═══ PROVIDED MATERIAL
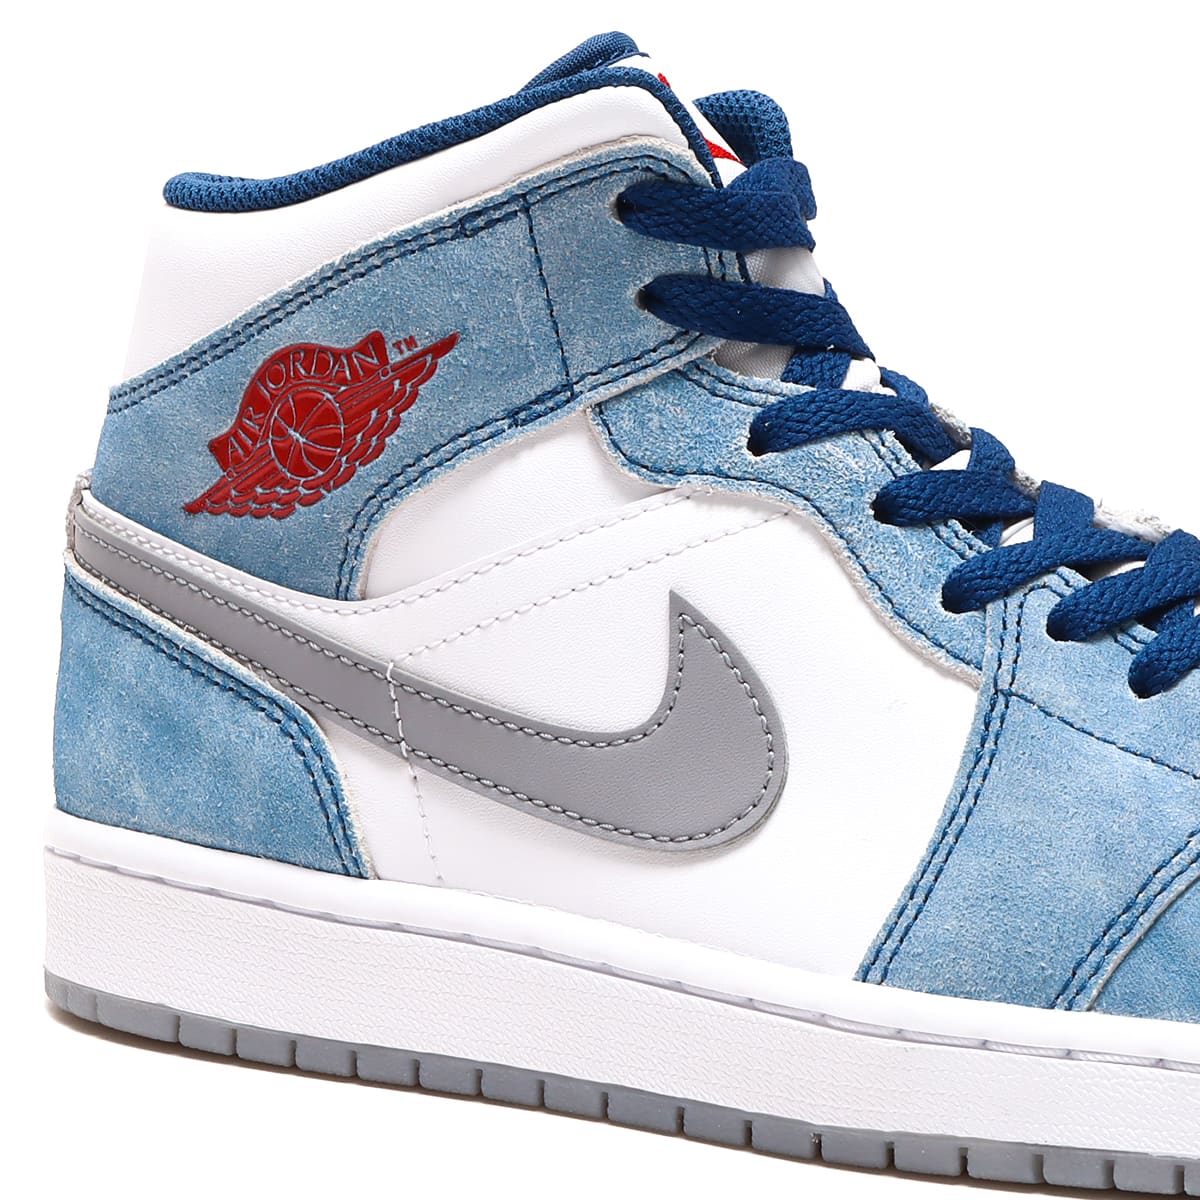 Air Jordan 1 Mid "French Blue Fire Red"
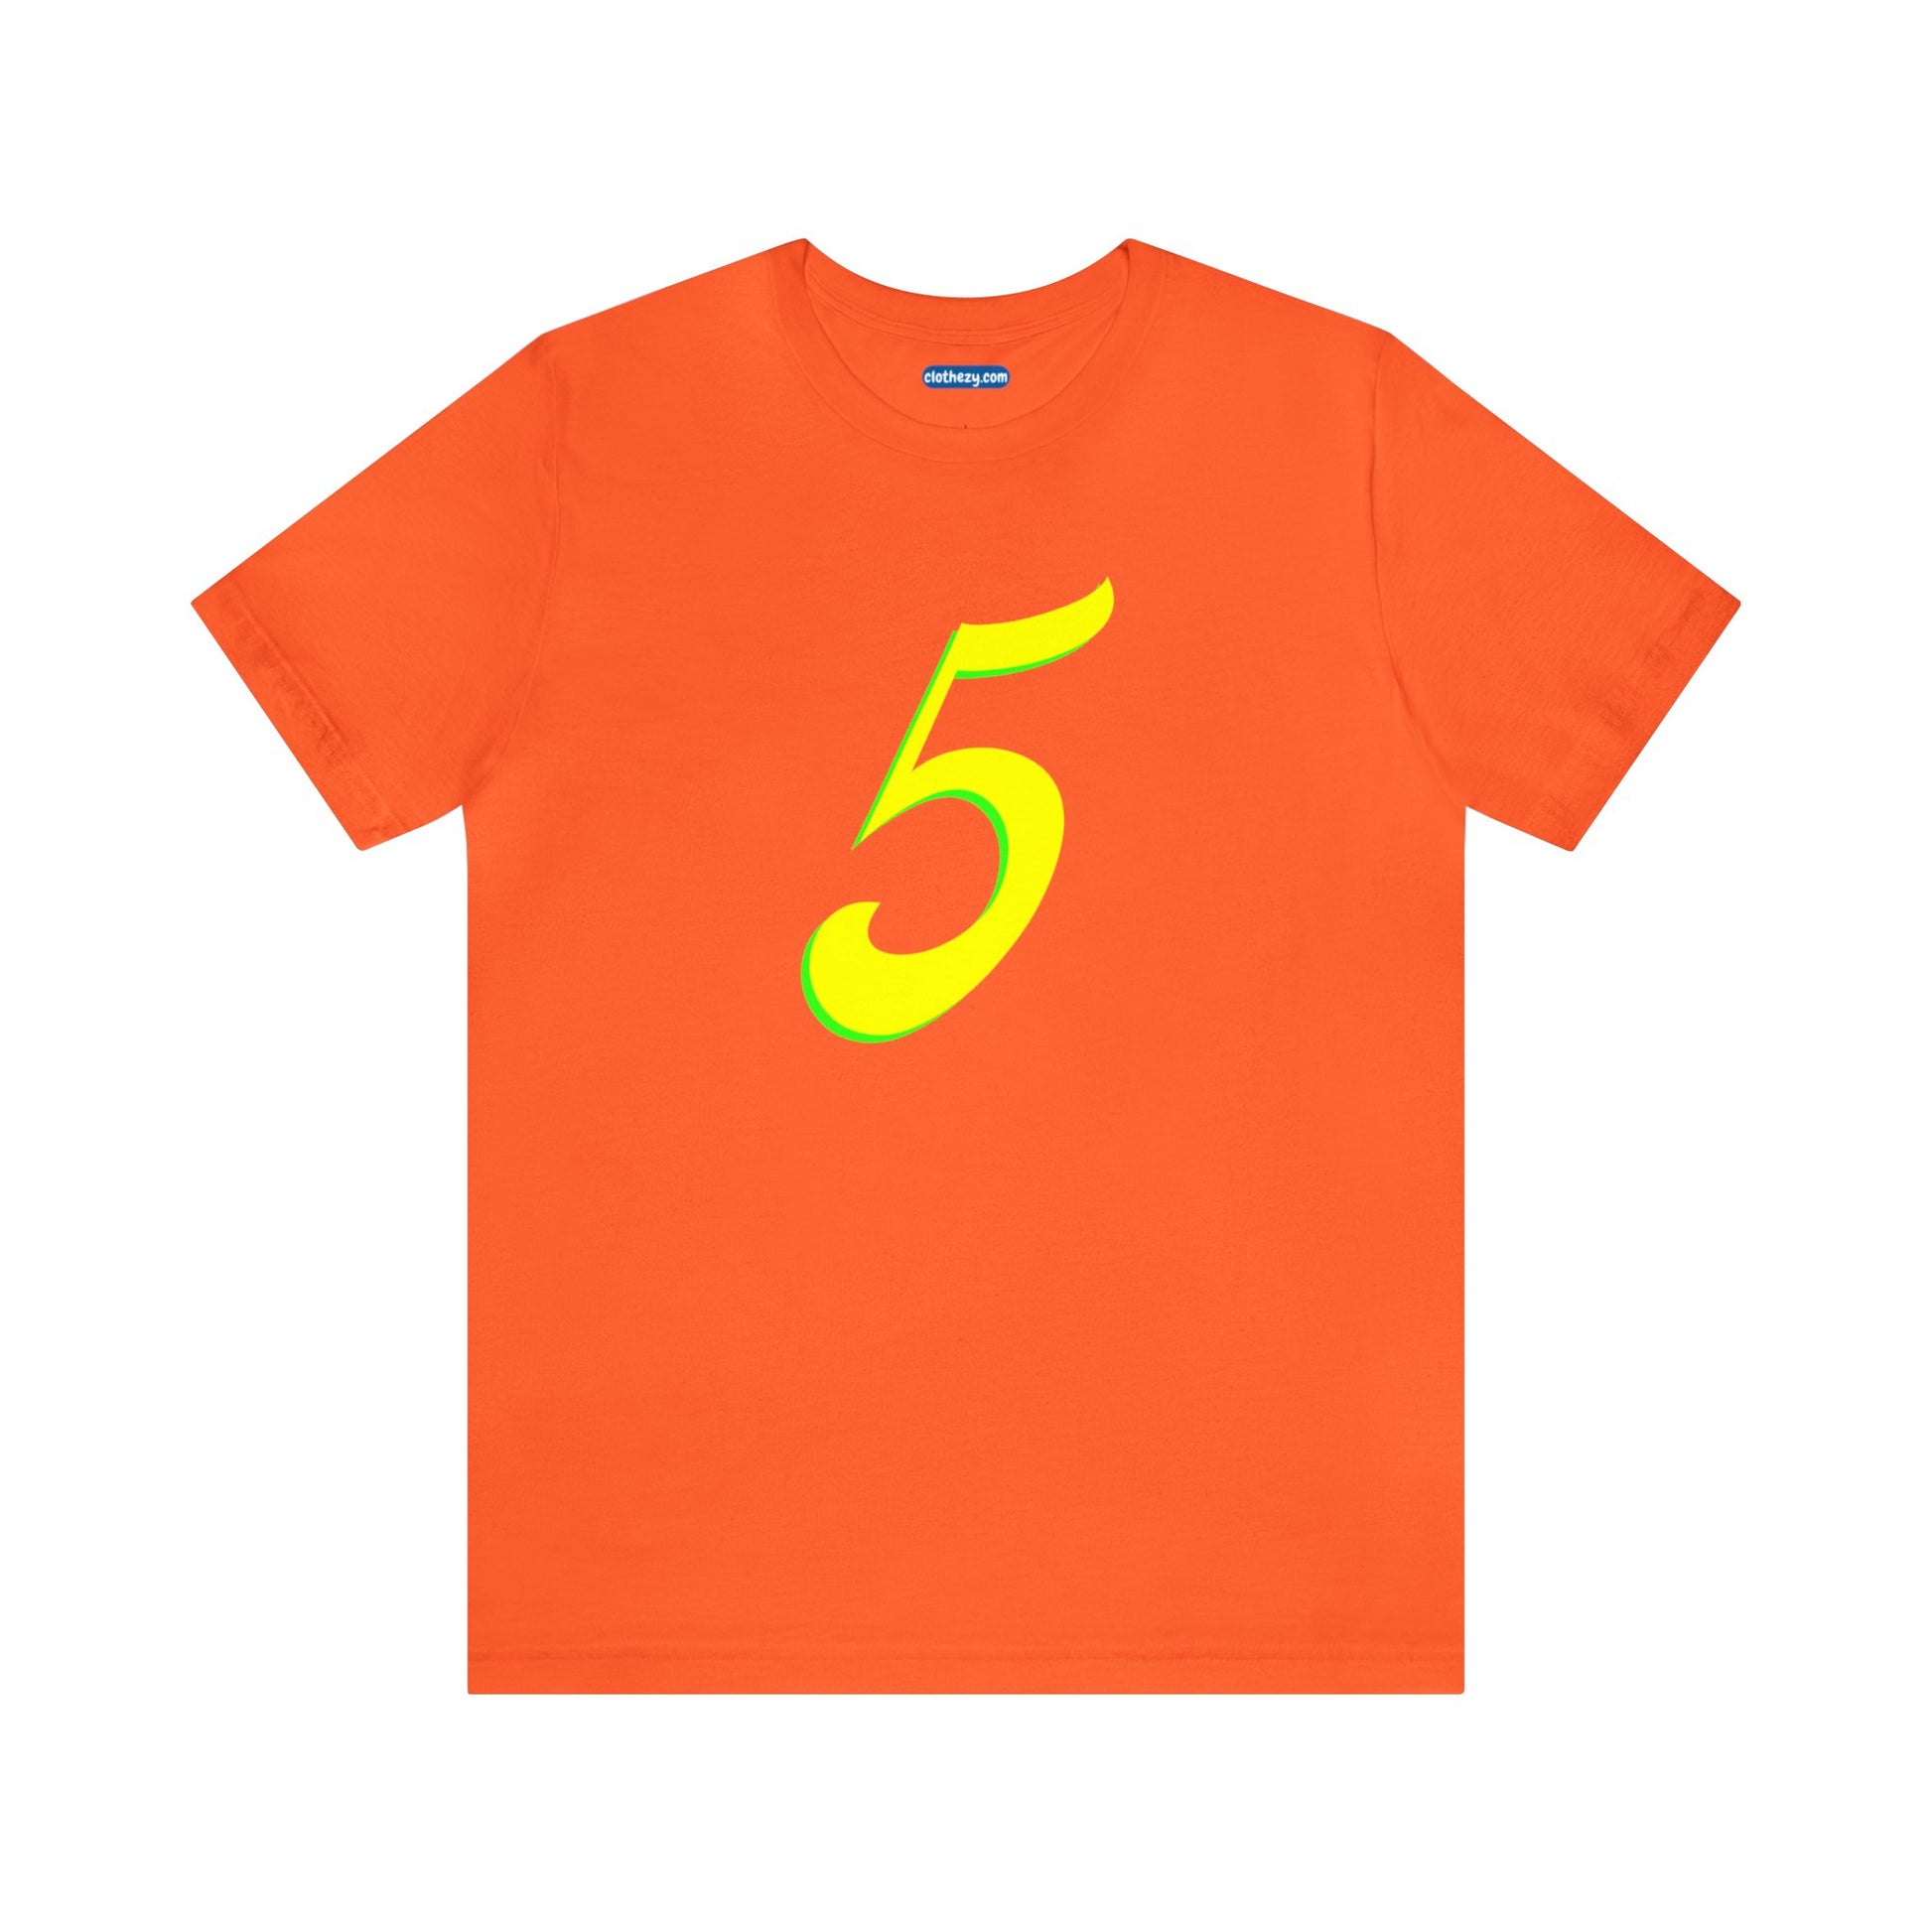 Number 5 Design - Soft Cotton Tee for birthdays and celebrations, Gift for friends and family, Multiple Options by clothezy.com in Orange Size Small - Buy Now
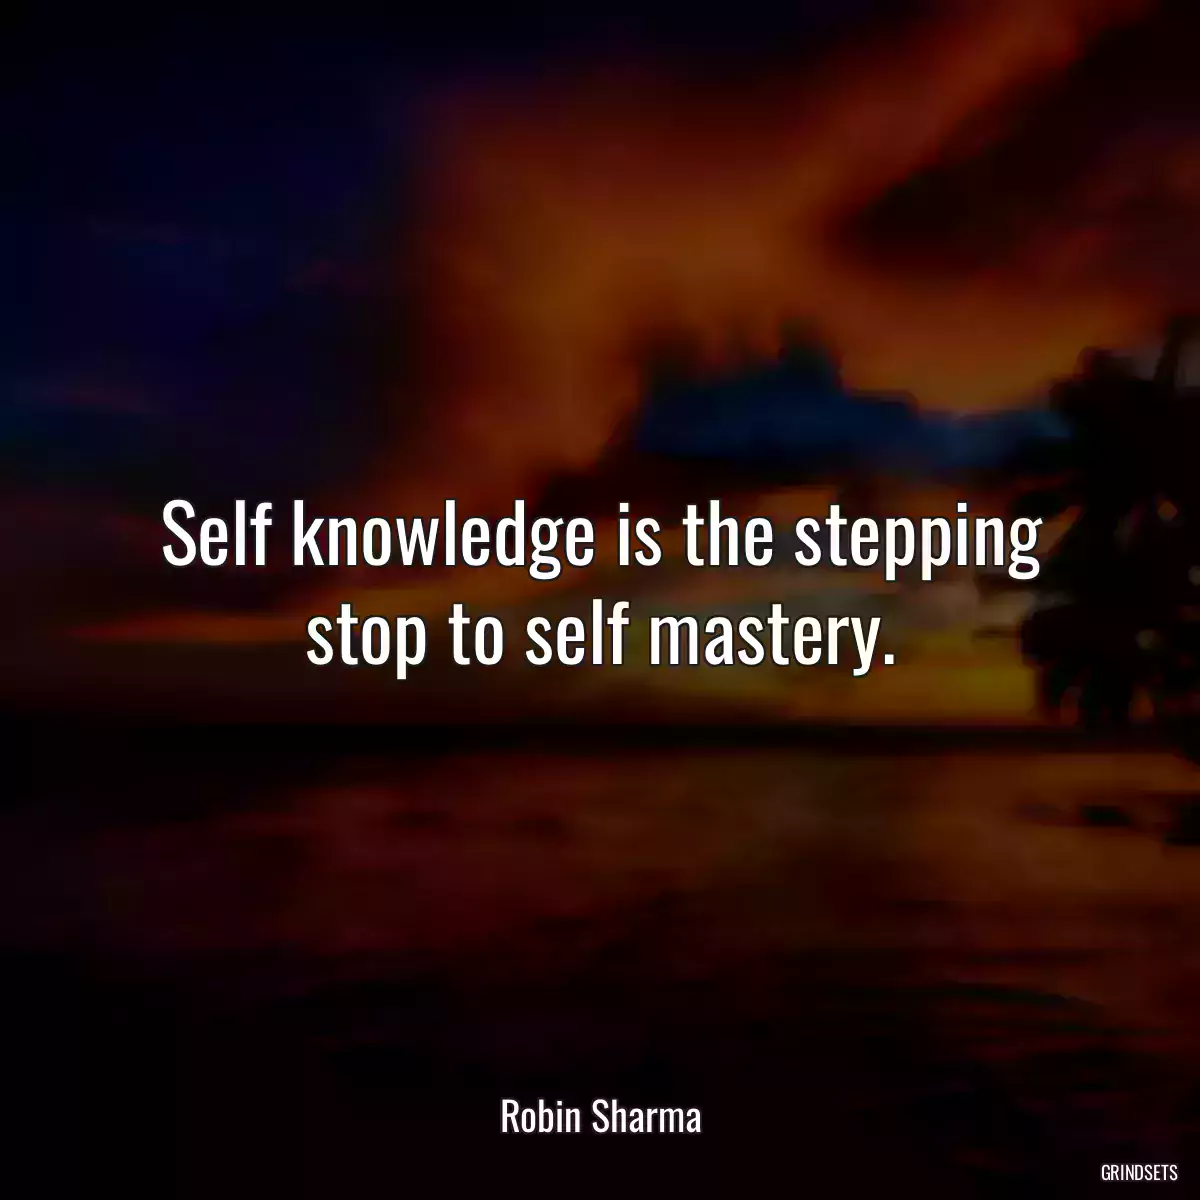 Self knowledge is the stepping stop to self mastery.
══════
Send back the listing exactly as it stands. Do not include the pictures.

§ TASK RESULT
 Air Jordan 1 Mid "French Blue Fire Red"
 Number 5 Design - Soft Cotton Tee for birthdays and celebrations, Gift for friends and family, Multiple Options by clothezy.com in Orange Size Small - Buy Now
 Self knowledge is the stepping stop to self mastery.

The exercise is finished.